The ability to stream and process data in real-time is invaluable for businesses looking to gain timely insights and maintain a competitive edge. Apache Kafka, a robust event streaming platform, and Kafka Connect, its tool for integrating external data sources and systems, are popular pillars of streaming platforms. They allow organizations to capture, distribute, and manage continuous data flows efficiently. Complementing this setup, Apache Iceberg offers an innovative table format that supports large-scale analytic datasets in a data lakehouse by providing functionalities like schema evolution and time travel. The Iceberg connector for Kafka Connect bridges these technologies, enabling seamless ingestion of streaming data into Iceberg tables. This integration not only harnesses the strengths of Kafka and Iceberg but also maximizes the value extracted from the data lakehouse, ensuring that businesses can respond more swiftly and accurately to changing data landscapes.
The Exercise Setup
In this article, we will guide you through a hands-on exercise that you can perform on your laptop using Docker. This will help you witness the power of the concept in action. The first step involves forking and cloning a GitHub repository to your local environment. We will also discuss the structure of the environment that we're setting up, as outlined in the `docker-compose.yml` file.

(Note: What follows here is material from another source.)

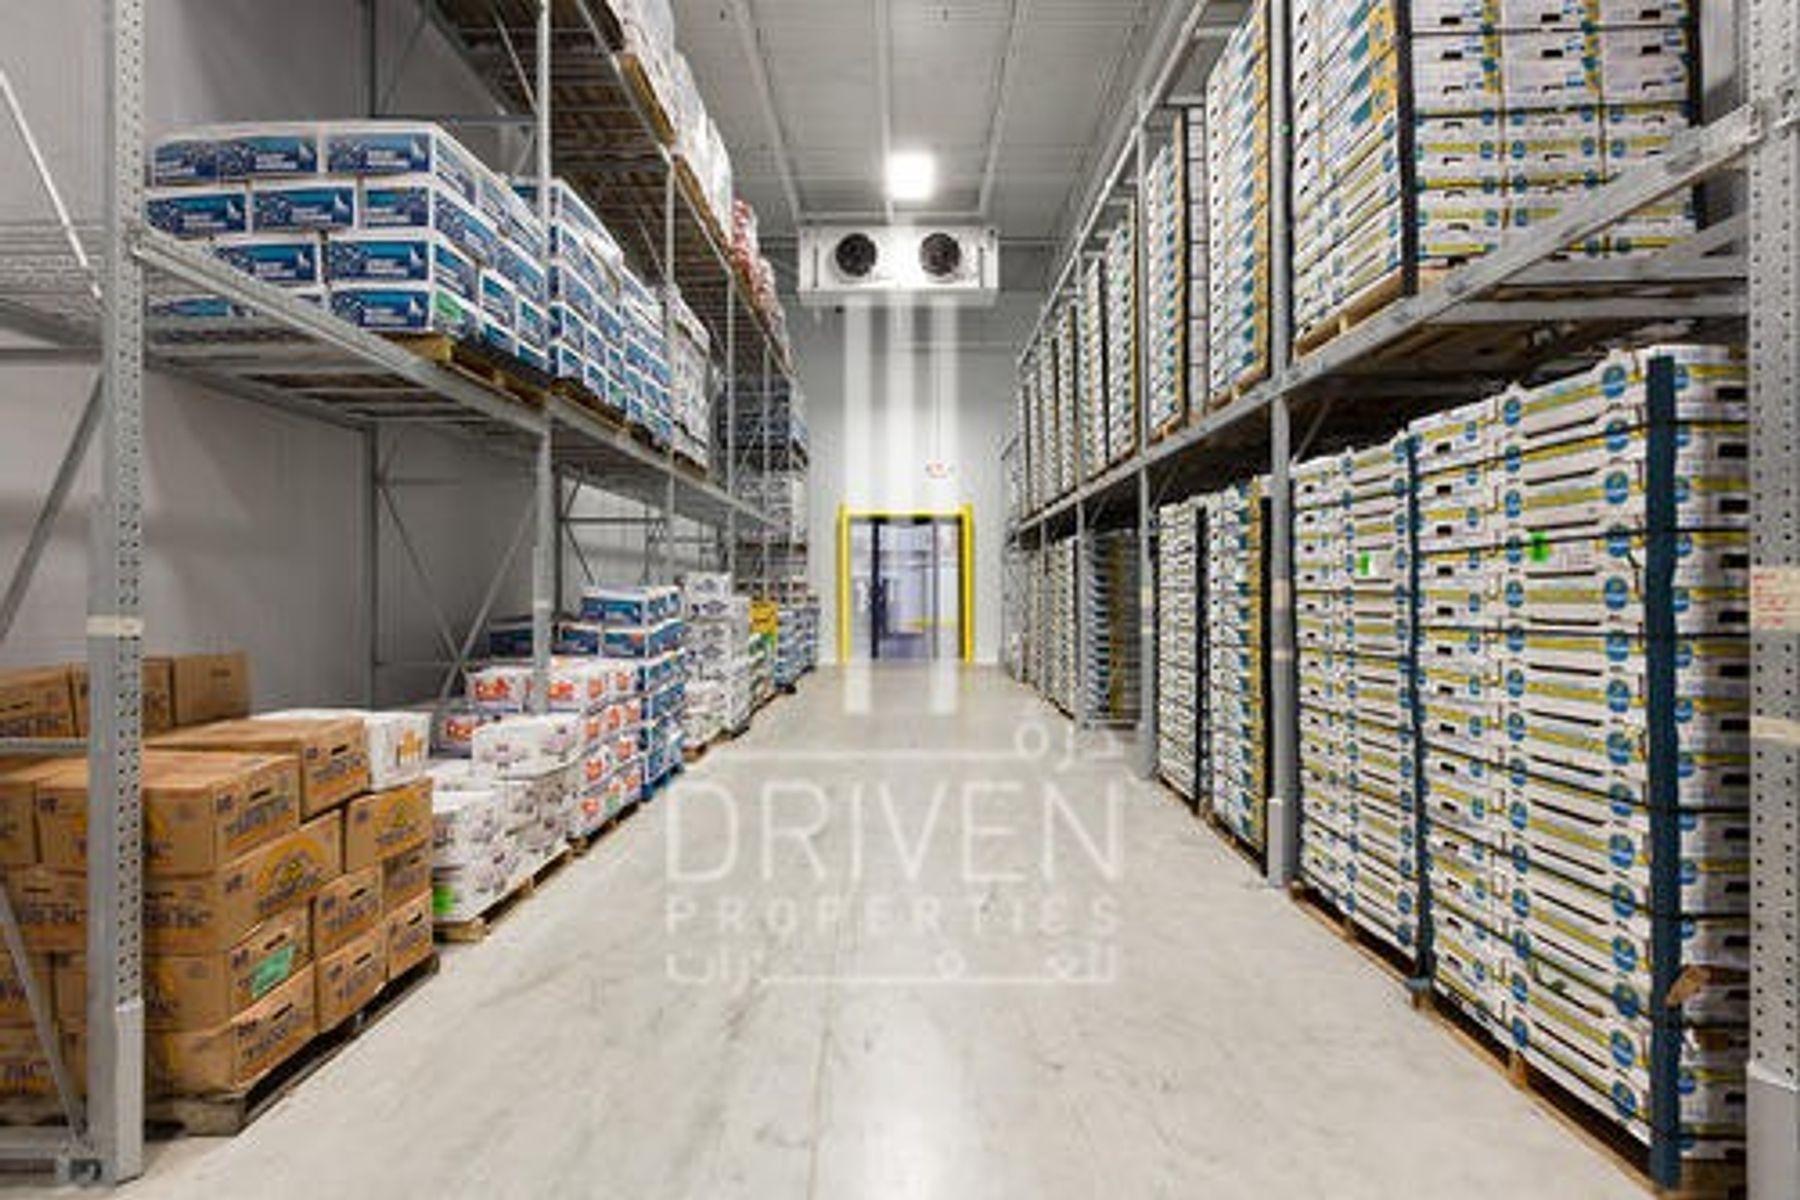 للايجار - مصنع - المرحلة 2 - مجمع دبي للإستثمار

Our Docker configuration outlines the orchestration of services, including Zookeeper, Kafka, Kafka Connect, Kafka REST Proxy, Nessie, Dremio, and Minio, each configured to work harmoniously in a network named dremio-kafka-connect.

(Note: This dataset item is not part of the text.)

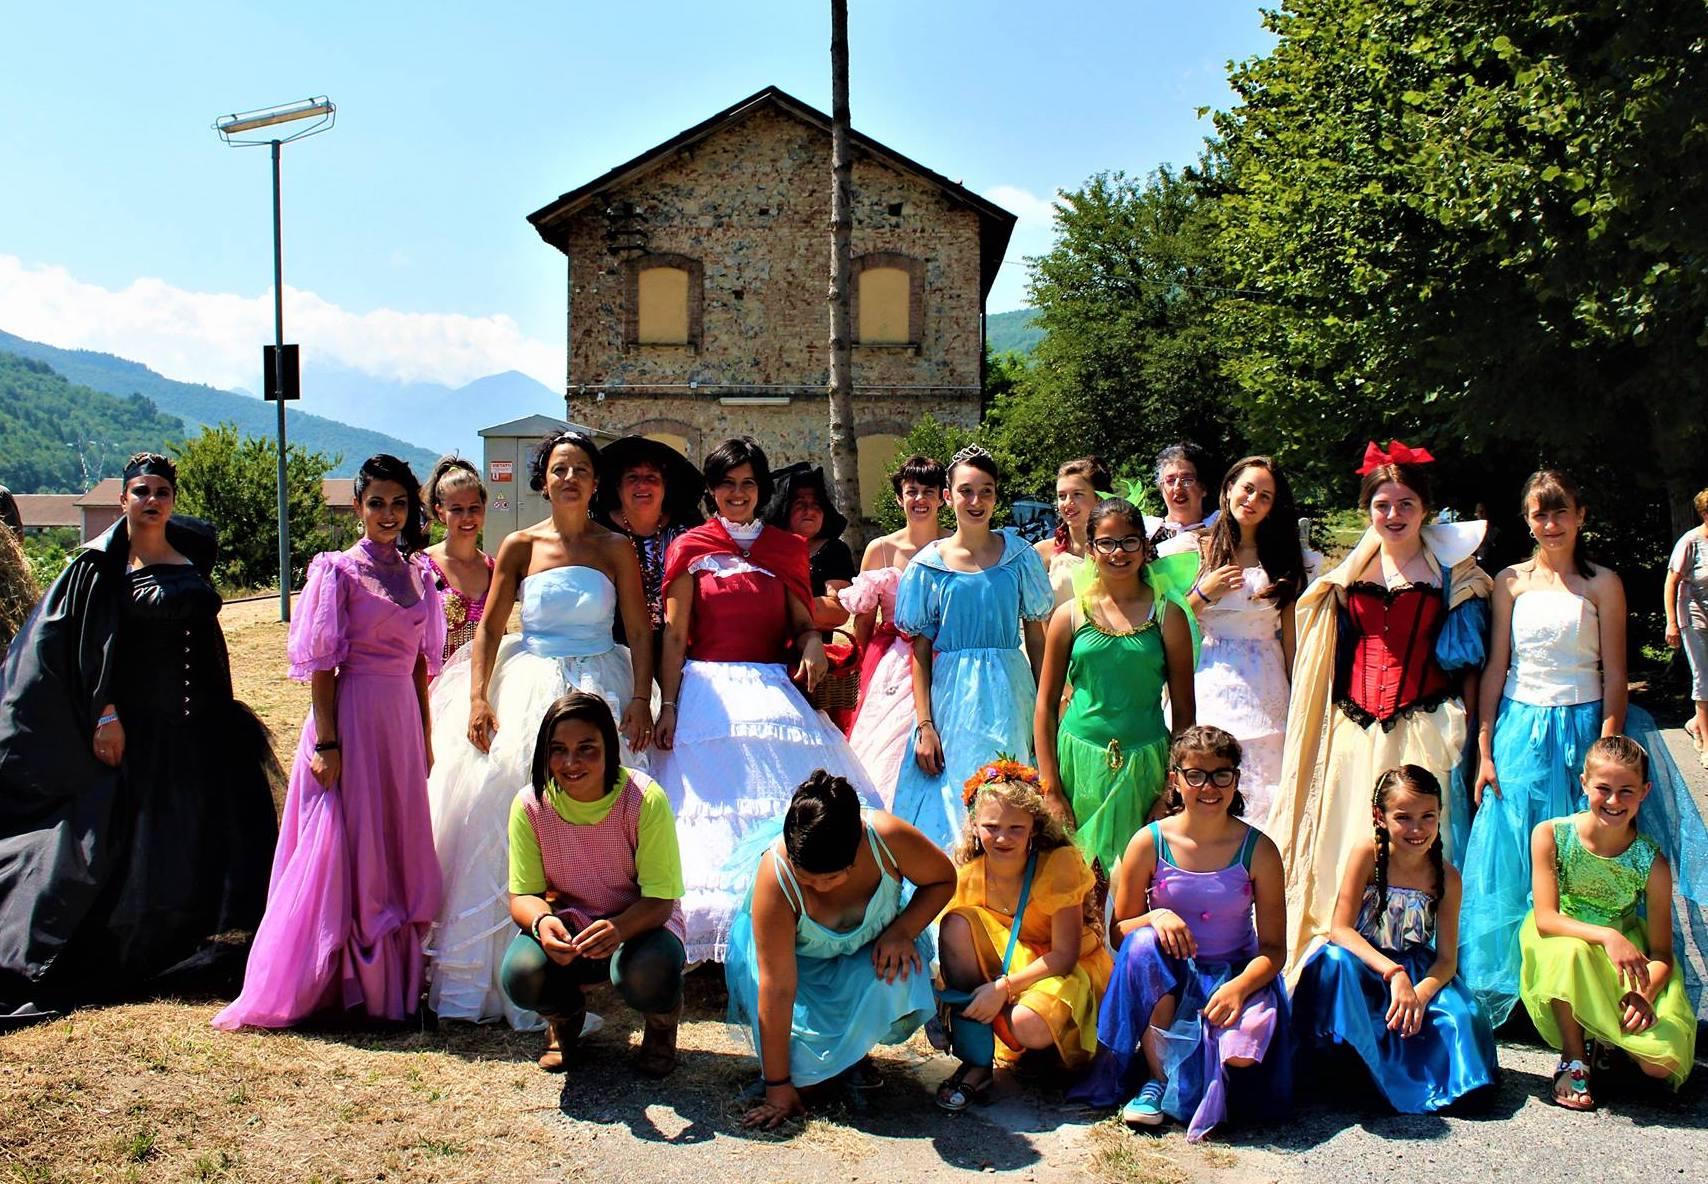 A scuola con Peter Pan, Pievetta in Fabula

Try Dremio’s Interactive Demo
Explore this interactive demo and see how Dremio's Intelligent Lakehouse enables Agentic AI
Zookeeper Service
Zookeeper acts as a centralized coordinator for distributed systems like Kafka. In our setup, it is configured with a client port and a tick time, crucial for managing the timing of heartbeats and the coordination process. It is run using the latest Confluent Zookeeper image.
Kafka Service
Kafka, the backbone of our message streaming, relies on Zookeeper for cluster management and is configured to expose internal and external communication ports. It's set up to handle data streams efficiently with environment variables that define broker IDs, connection details, listener configurations, and replication factors for system-critical topics. In our setup, Kafka topics are allowed to be automatically created, which, in many production situations, topics would have to be pre-created before usage.
Kafka Connect Service
Kafka Connect integrates Kafka with external systems like databases or file systems. In this setup, it manages connectors, defines converters for keys and values, and specifies storage topics for configuration, offsets, and statuses. This service is built from a local Dockerfile that copies over the Iceberg Connector and configurations which we will cover later.
Kafka REST Proxy
The REST Proxy provides a convenient HTTP interface to Kafka, making it accessible for web-based interactions. We will use it for feeding data into relevant Kafka topics.
Nessie Service
Nessie offers version control for data lakes, allowing you to manage and maintain multiple versions of your data sets. It operates on its own port within our network, facilitating advanced data management strategies. Nessie will be acting as our Apache Iceberg catalog tracking our tables.
Dremio Service
Dremio, a data lakehouse platform, is known for its robust SQL layer that enables analytics on all your data including data lakes, databases, and data warehouses. This will act as our SQL interface for consuming the data for reporting, dashboards, and data science.
Minio Service
Minio provides S3-compatible storage capabilities, which are crucial for handling large data sets in a scalable manner. All of our data and metadata files will be stored in minio.
Minio Setup Service
To ensure Minio is ready for operation as soon as it starts, a setup container is used to wait for Minio to become operational. Then it executes a series of commands to configure storage buckets, essential for organizing data in the data lake architecture.
Network Configuration
All services are connected through a dedicated Docker network named dremio-kafka-connect, ensuring isolated and secure communication between the components without interference from external networks.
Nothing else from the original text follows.